Свою агрессию обыватель делегировал правительствам. Пусть Олланд и Меркель решают, кого бомбить на Ближнем Востоке. Обывателю важно быть уверенным, что выборы, свобода прессы и суд гарантируют ему порядок и безопасность. И что мигрант — носитель иной культуры — становится французом и немцем, получая паспорт. «… Европа превратится в многорасовый или, если предпочитаете, в многоцветный континент. Нравится вам это или нет, но так будет. И если не нравится, все равно будет так», — писал Умберто Эко.
На алтарь ЕС — нового интеграционного гуманистического проекта — европейцы сложили свои национальные идентичности, часть суверенитета, национальные валюты, религию, семейные традиции. Во имя идеи интеграции следовало делать вид, что в районе Северного вокзала в Париже вот уже много лет комфортно и хорошо. И что пресловутый район Моленбек — часть Бельгии, а не территория безвластия.
У СССР не получилось, он развалился, закровив по границам национальными конфликтами. Амбиция ЕС заключалась в том, что у них получается. Обыватель Европы — как советский человек периода расцвета СССР — был наивен и беспечен, уверен в завтрашнем дне и знал, что лучшее, конечно, впереди. Такого обывателя проглотит любой хищник крупнее кота.
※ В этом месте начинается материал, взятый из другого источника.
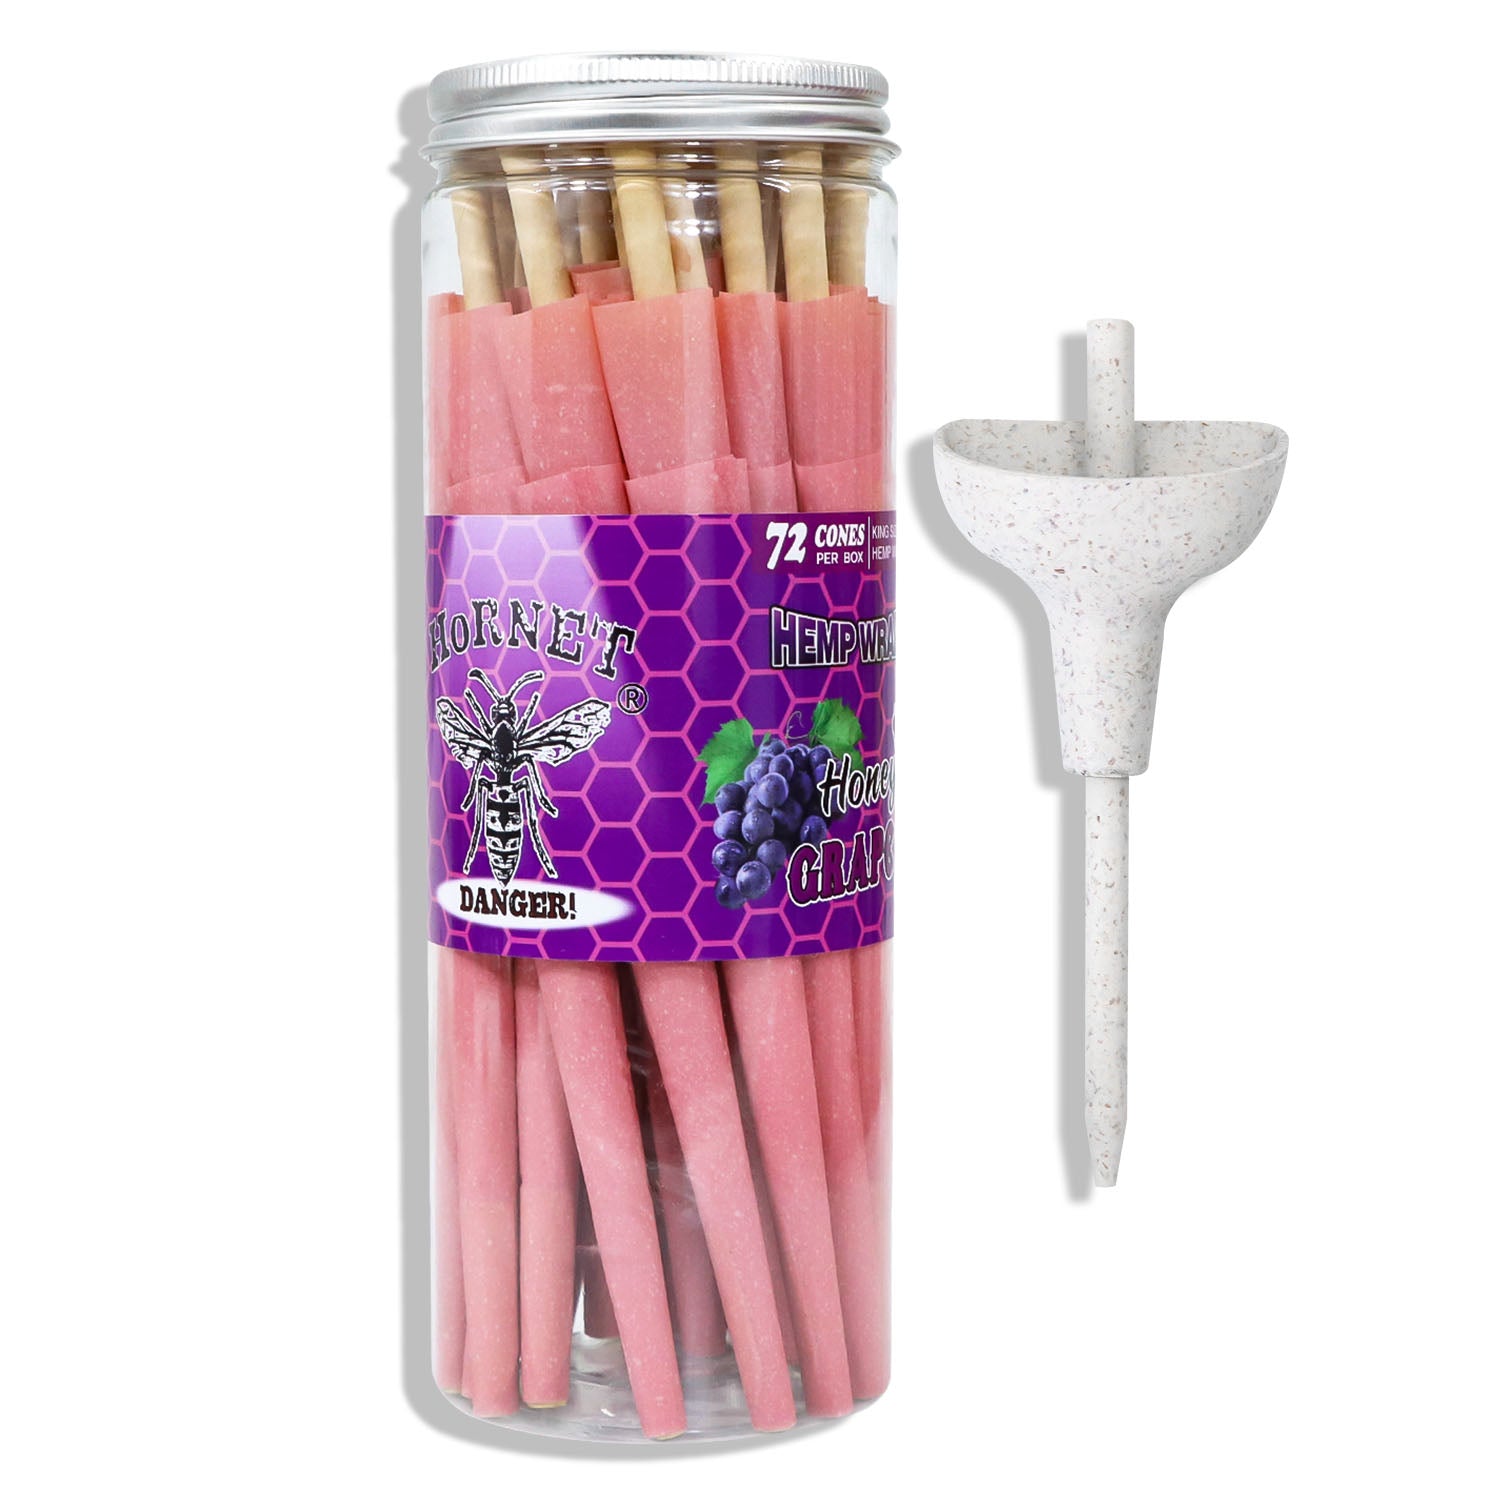 HORNET GRAPE Flavored Pink Pre Rolled Cones, King Size Pre Rolled Rolling Paper with tips, Slow Burning Rolling Cones & load, 72 PCS / Jar

Теракты рвут мир этого обывателя в клочья, уничтожают систему его убеждений и констант.
Мой знакомый, выросший в Париже и совершенный француз, после ноябрьских терактов, которым он был почти что свидетель — они с друзьями были на вечеринке на соседней с «Батакланом» улице, — говорил: «Я бывал в Бразилии, я знаю, что делать, чтобы не попасть в переделку в Сан-Паулу. Но правилом Европы было то, что ты находишься в безопасности, не соблюдая никаких правил. Теперь это не так. Мы не в безопасности больше».
Свобода и безопасность — бытовое европейское сочетание, которому мог позавидовать остальной мир. Теперь же Европа теряет даже туристический поток: страшно. Теперь мой парижанин с ужасом рассказывает о том, что во Франции — полицейщина. Что могут остановить и проверить документы только потому, что у человека арабская внешность. И это возмутительно. Он спрашивает: «Скажи, а спецслужбы Путина лучше контролируют ситуацию с террористами в России? Скажи, они лучше работают?» Похоже, что лучше, но в том числе и потому, что они проверяют документы, наплевав на соображения политкорректности.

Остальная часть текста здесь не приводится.